*AIM OF THE TASK:*
Repeat, line for line, only the span that opens at the "Chinet 25774 Paper" line and closes at the final line below. Skip the pictures.

*THE INPUT:*
★ ★ ★ ★ ★ ★ ★

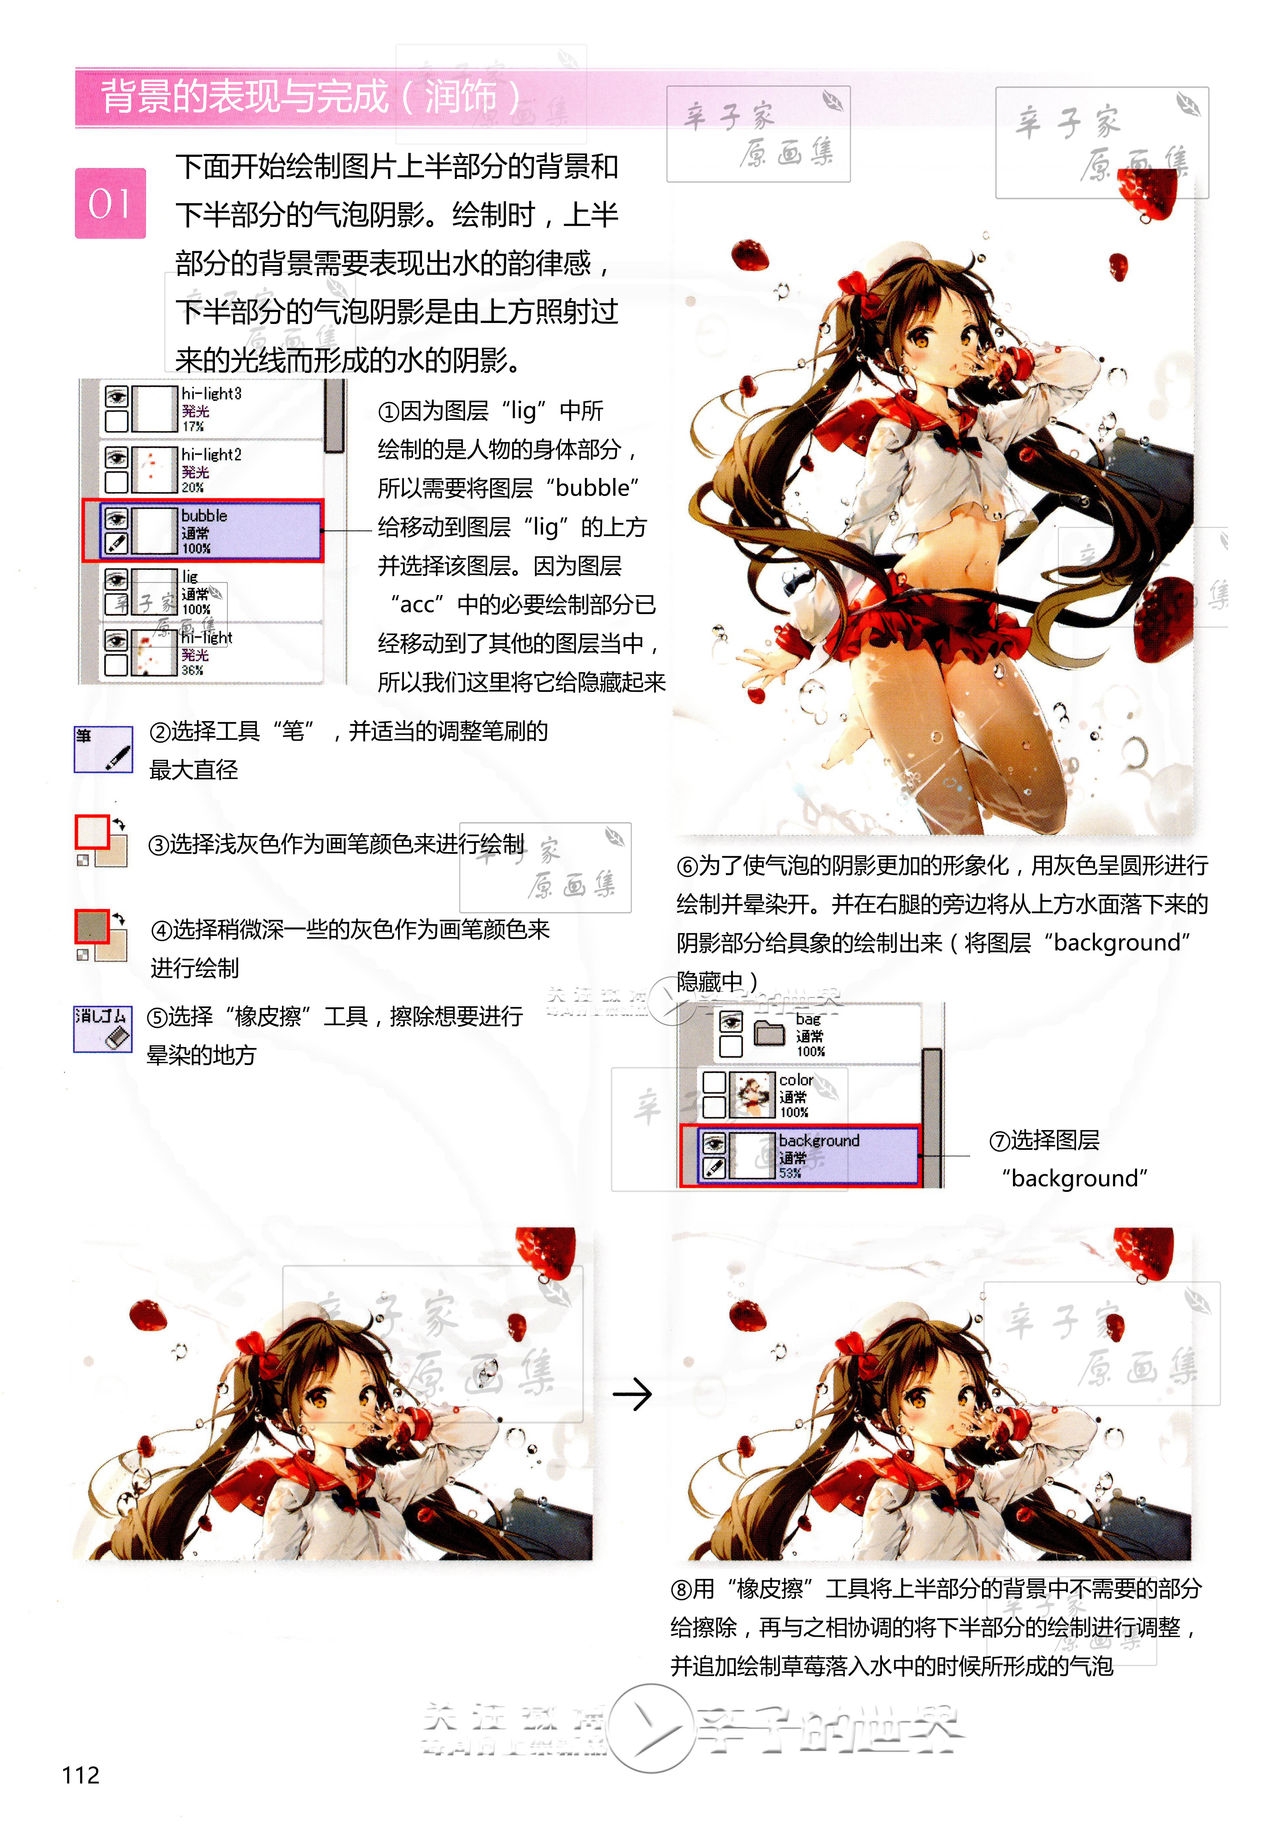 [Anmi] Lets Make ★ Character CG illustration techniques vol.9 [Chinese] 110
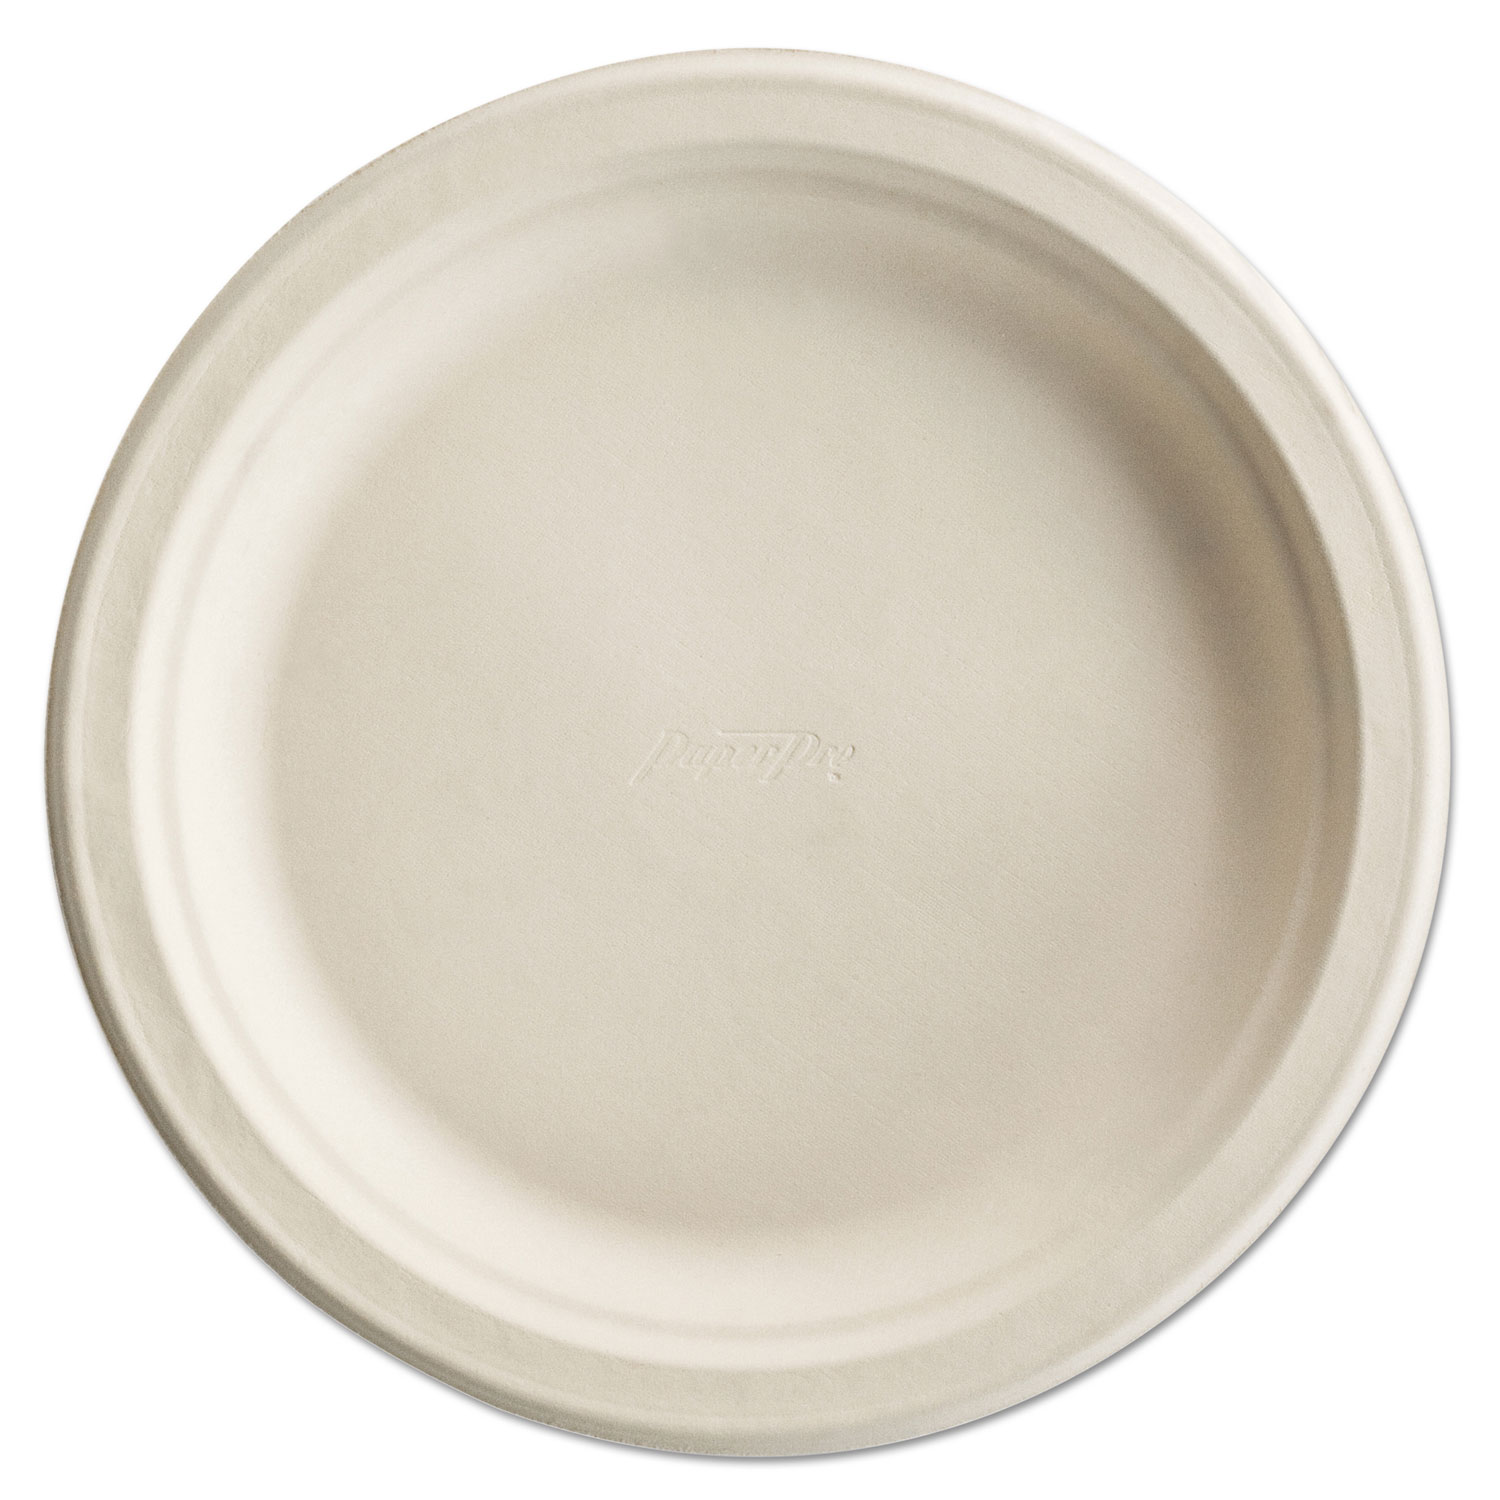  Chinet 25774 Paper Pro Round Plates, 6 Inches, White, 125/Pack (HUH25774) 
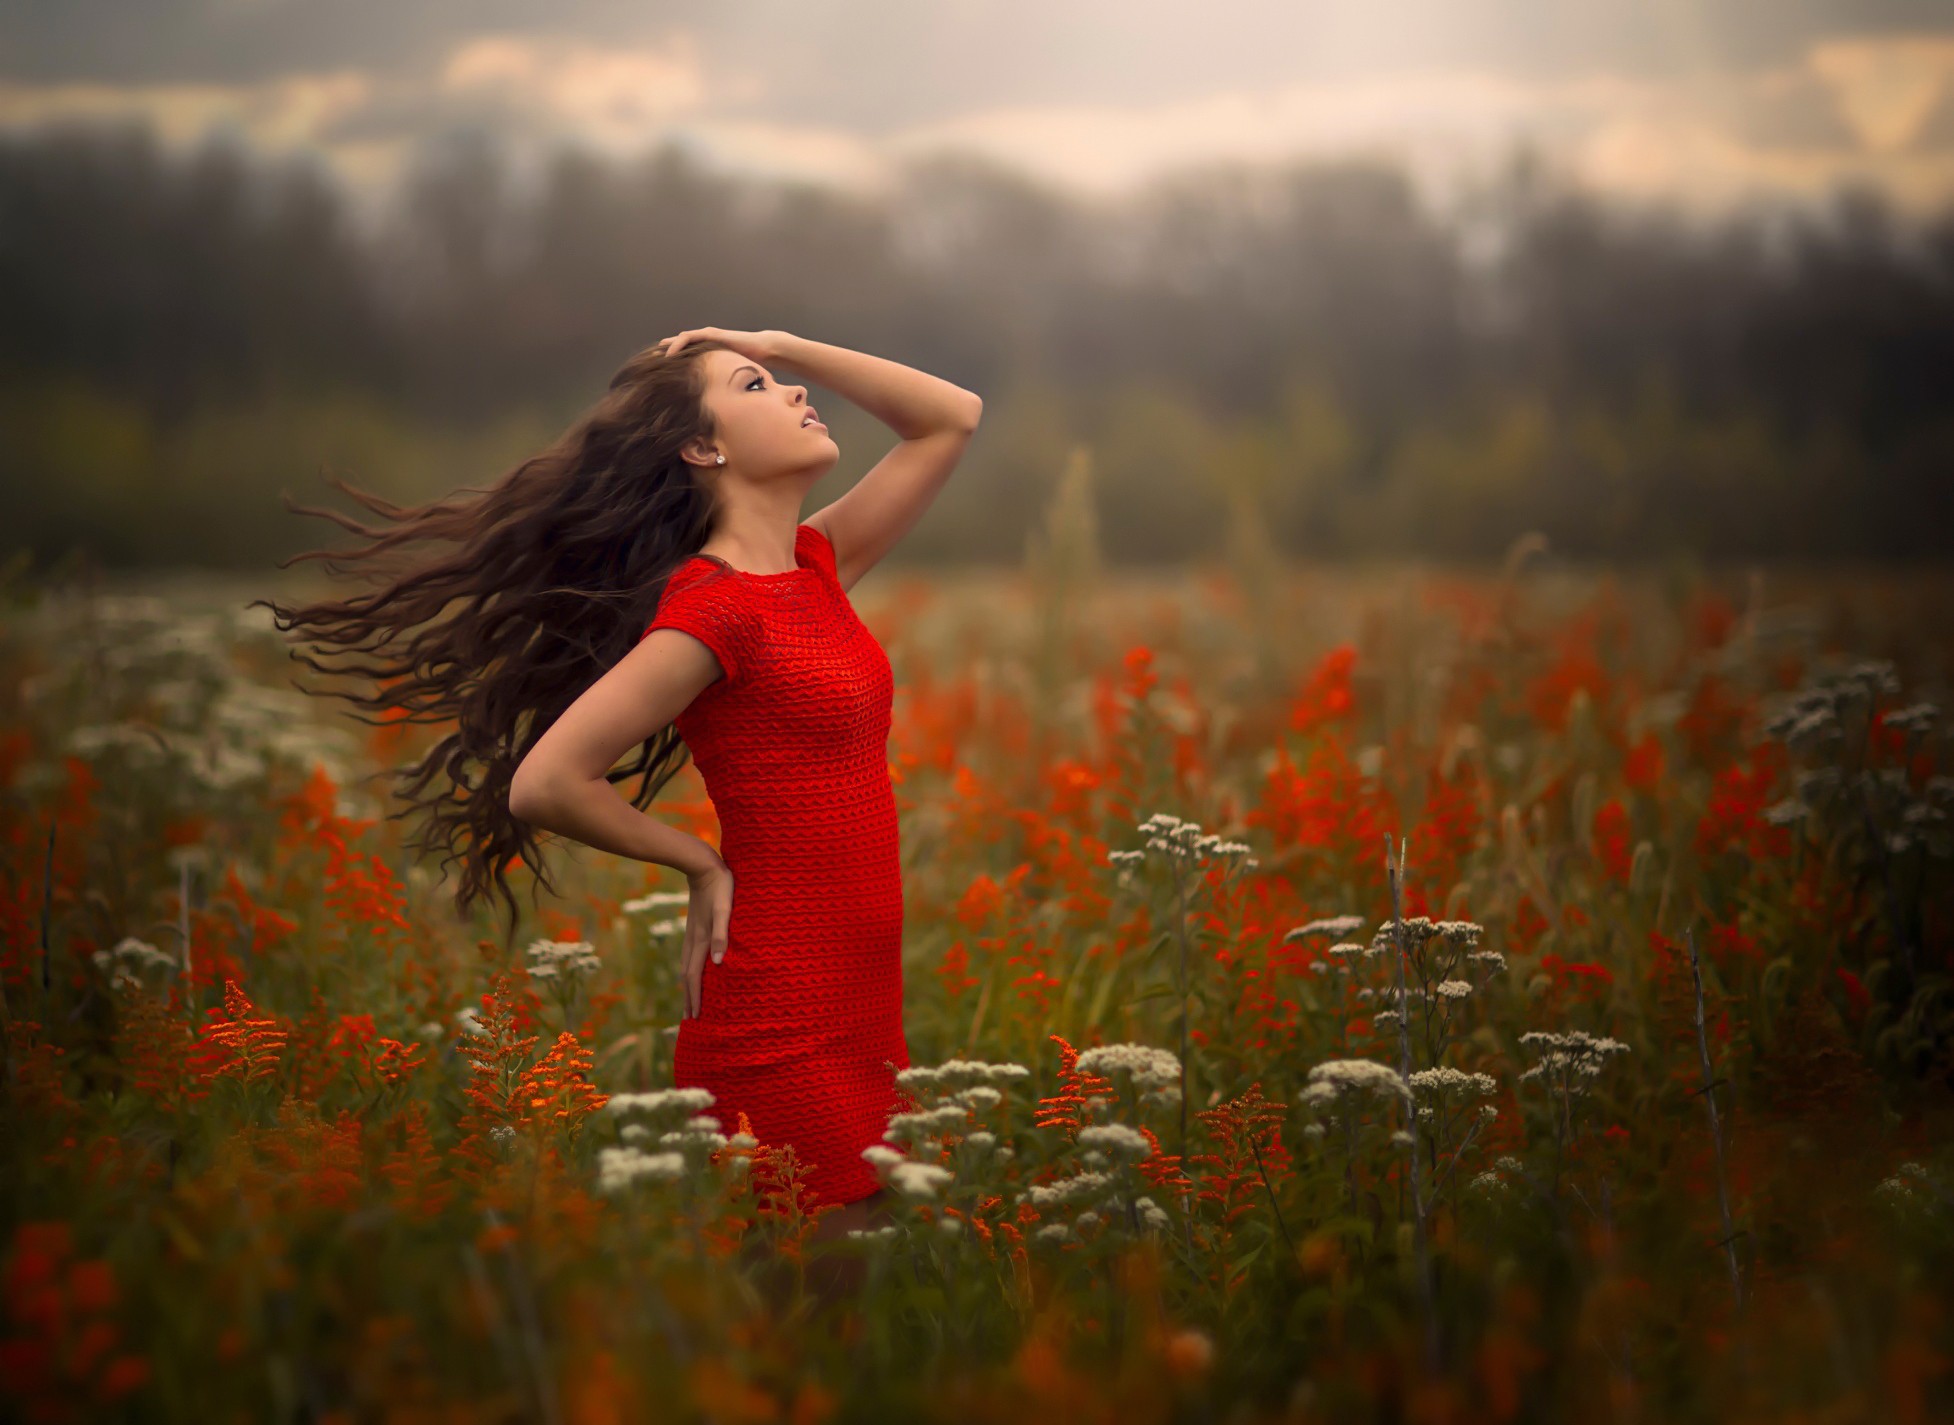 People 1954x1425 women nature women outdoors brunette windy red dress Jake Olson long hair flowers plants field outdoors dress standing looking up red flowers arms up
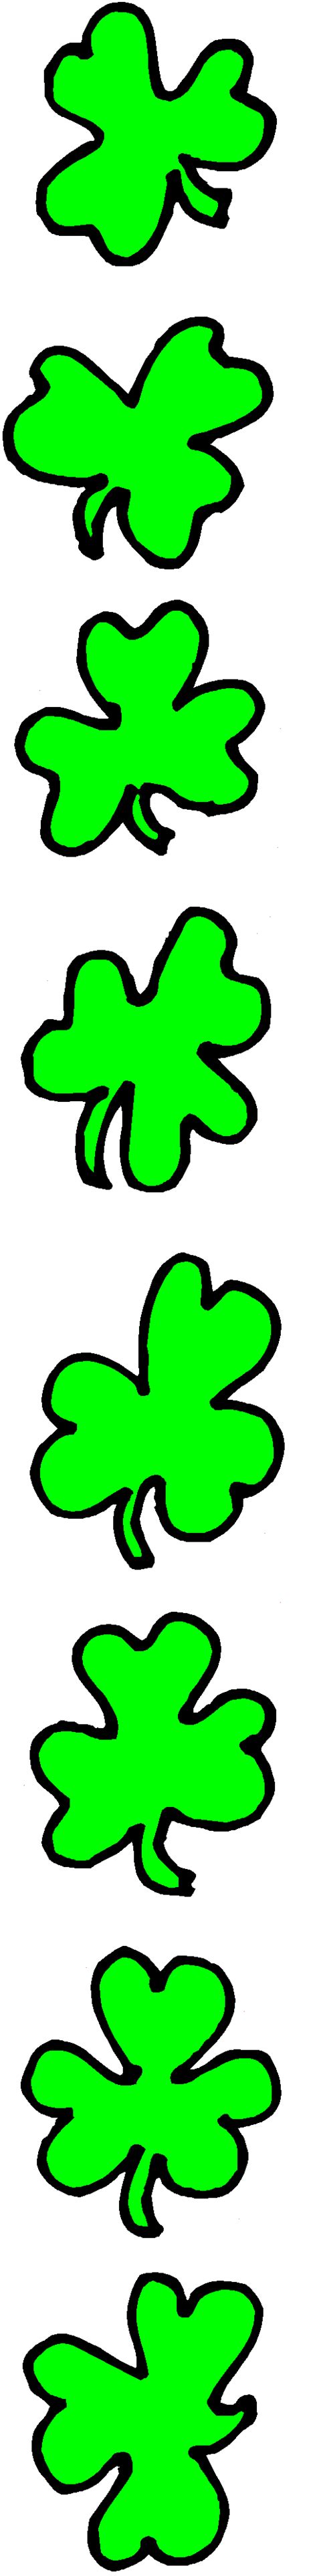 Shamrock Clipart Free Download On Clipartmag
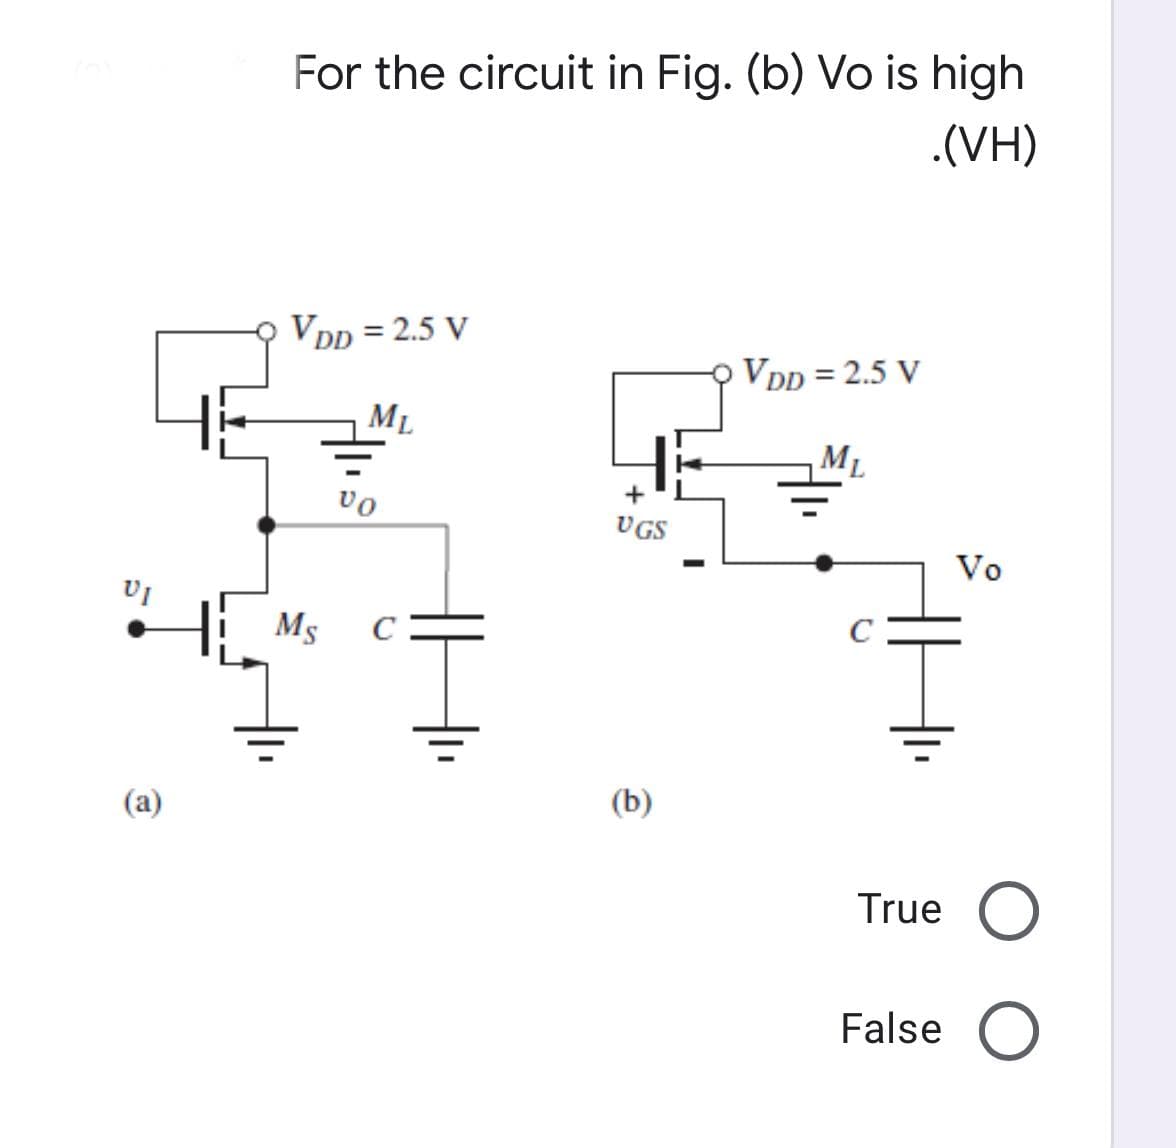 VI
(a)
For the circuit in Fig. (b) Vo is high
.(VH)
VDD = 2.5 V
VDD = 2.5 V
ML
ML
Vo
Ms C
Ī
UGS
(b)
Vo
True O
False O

★ ★ ★ ★ ★ ★ ★

*SOLUTION TO THIS TASK:*
  Chinet 25774 Paper Pro Round Plates, 6 Inches, White, 125/Pack (HUH25774) 
 People 1954x1425 women nature women outdoors brunette windy red dress Jake Olson long hair flowers plants field outdoors dress standing looking up red flowers arms up
 Shamrock Clipart Free Download On Clipartmag
 VI
(a)
For the circuit in Fig. (b) Vo is high
.(VH)
VDD = 2.5 V
VDD = 2.5 V
ML
ML
Vo
Ms C
Ī
UGS
(b)
Vo
True O
False O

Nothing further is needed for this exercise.